1. Under the wings of Concorde…
In 2011 the Lammermuir Festival staged a performance of Philip Glass’s 1000 Airplanes on the Roof in a setting that resembled the location of its premiere – Vienna Airport. The festival managed to stage the concert in the Concorde Hangar at the nearby National Museum of Flight in East Lothian.

2. In a volcano…
Violinist Eric Silberger recently became the first violinist to ever performance inside Thrihnukagigur Volcano in Iceland. This is the only volcano in the world that you can go inside and walk in the magma chamber. The intrepid violinst played Bach’s Chaconne from Partita No. 2 inside the volcano in May.

3. Down a Salt Mine…
The Wieliczka salt mine, near Kraków in Poland reaches a depth of 327m and is used as a venue for the Misteria Paschalia Festival.

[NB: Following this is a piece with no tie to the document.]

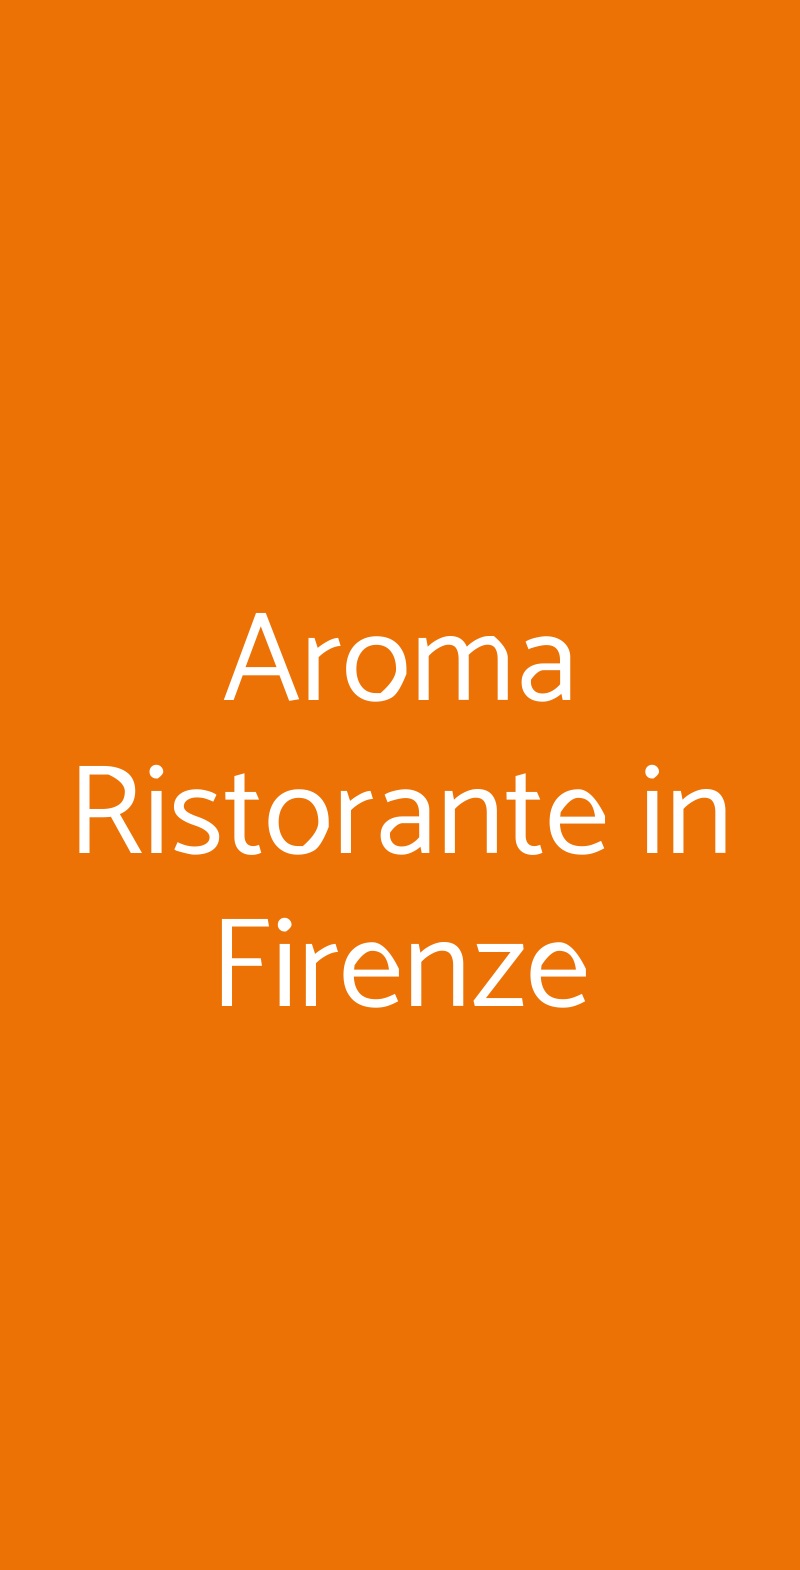 Aroma Ristorante in Firenze Firenze menù 1 pagina

In 2008 countertenor Philippe Jaroussky joined Christine Pluhar’s early music group L’Arpeggiata to perform a concert of Monteverdi in its depths.

4. In a rainforest…
The Teatro Amazonas is an opera house in the heart of the Amazon rainforest in Manaus in Brazil. The home of the Amazonas Philharmonic Orchestra, the venue has been staging concerts since 1896.


5. Up a mountain…
Bodø hosts an annual Nordland Music Festival just within the Arctic Circle in Norway: the stunning Keiserverden Mountain makes a unique concert location. Flown in by helicopter, Norwegian pianist Leif Ove Andsnes has performed Grieg at the mountain’s summit.